Quando a criatura enorme se aproximou das margens da Barra de Itaípe, em Ilhéus, banhistas reagiram com espanto. “É um peixe-boi, eu acho”, arriscou um deles. “É uma foca, véi”, retrucou uma voz feminina. “Não morde, não?”, questionou outro curioso.

A indefinição seguiu até que um homem, empunhando pedaço de madeira pontiagudo, chegou perto do animal e sentenciou: “peste, véi, é um peixe-boi mesmo”. Nesse momento, alguém sugeriu que o animal fosse atacado. “Jamais faria isso!”, respondeu o sujeito da lança improvisada, depois de acariciar a cabeça do bicho. “Tem que chamar o pessoal do Ibama”, emendou.

A cena descrita acima foi registrada em vídeo (veja ao final do texto), no último sábado (25), e viralizou nas redes sociais. Ouvidos pelo PIMENTA, especialistas afirmam que o espanto dos banhistas é justificável, dada a raridade da experiência vivenciada. O veterinário Wellington Laudano, do Projeto (A)mar, conta que os últimos relatos sobre a presença de peixe-boi-marinho em Ilhéus remontam há mais de vinte anos. Até 2002, indivíduos da espécie eram vistos na Lagoa Encantada.

“O animal estava declarado como extinto na Bahia há alguns anos, mas, em fevereiro, ele apareceu em Salvador e já havia aparecido no litoral norte da Bahia, em outubro [de 2022]”, recorda o veterinário.
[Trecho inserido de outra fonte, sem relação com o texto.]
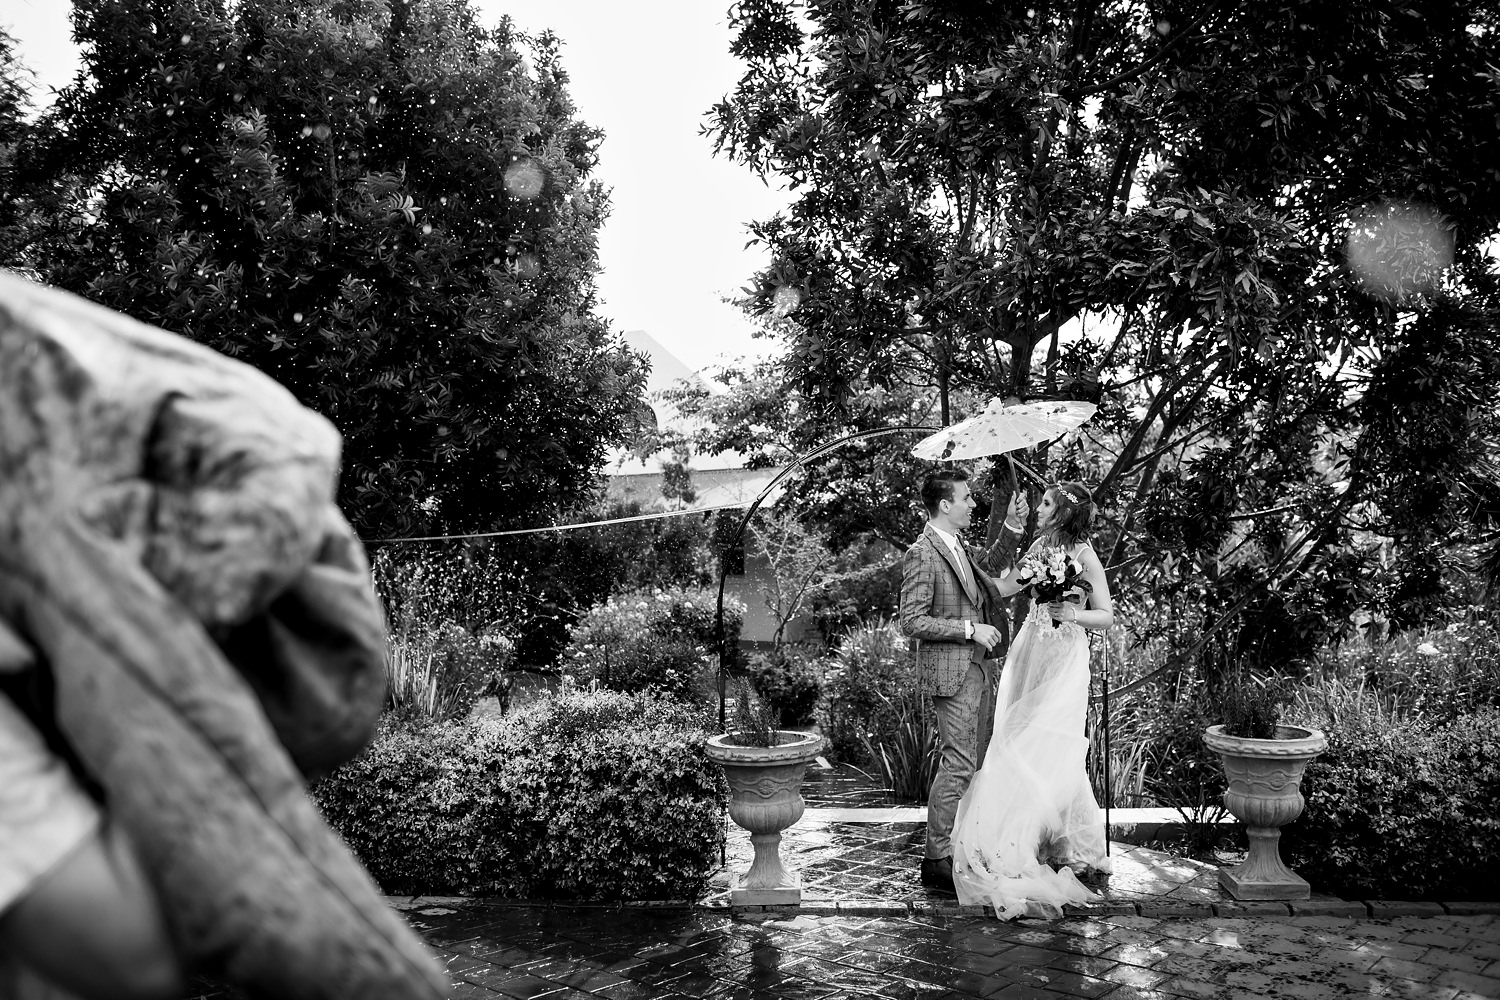 Rain on your wedding day can present truly beautiful moments if your photographer is confident and experienced

É possível que o peixe-boi de Ilhéus seja o mesmo avistado no norte do estado. O caminho para dirimir essa dúvida, segundo Wellington, é averiguar se o bicho recebeu anilha de identificação ou observar as peculiaridades de sua aparência. “Para ver isso, é preciso ter uma visão total do animal, da cabeça à cauda”.

Pelo que pôde ver no vídeo, ele observou que o espécime não tem anilha, tipo de anel que costuma ser colocado em uma das nadadeiras do peixe-boi. Existe a possibilidade de o equipamento ter se soltado, considerando a hipótese de o animal já ter sido identificado. Além da identificação, as anilhas permitem o monitoramento do paradeiro de animais via GPS.

A aparição também pode ser indicativa de que o peixe-boi-marinho voltou a se estabelecer  na região, cogita o veterinário. “Como não há monitoramento sistemático da espécie nos rios de Ilhéus, pode ser um animal que esteja começando a povoar a região”. Nesse caso, o primeiro ambiente a ser monitorado é o Rio Almada e sua foz, onde o bicho apareceu.

“EVENTO RARÍSSIMO”

Biólogo e mestre em Sistemas Aquáticos Tropicais pela Universidade Estadual de Santa Cruz (Uesc), Caio Carvalho reforçou ao PIMENTA que, apesar do estuário ser o ambiente natural do peixe-boi-marinho, a aparição desse animal em Ilhéus, hoje, deve ser tratada como “evento raríssimo, pois ele costuma ser visto nos estados nordestinos mais ao norte”.

“Fazendo uma analogia grosseira, o Trichechus manatus, nome científico do peixe-boi-marinho, é como uma vaca aquática, porque se alimenta de vegetação aquática, como as algas do estuário. A espécie foi praticamente extinta devido à pesca predatória”, completou.

A pedido do PIMENTA, Caio levantou hipótese sobre o aparecimento do peixe-boi em Ilhéus. Segundo ele, pode ter sido obra do acaso e estamos falando de um indivíduo jovem perdido, “ou talvez seja indicação de que esse bicho esteja se reproduzindo e voltando a ocupar esses lugares”.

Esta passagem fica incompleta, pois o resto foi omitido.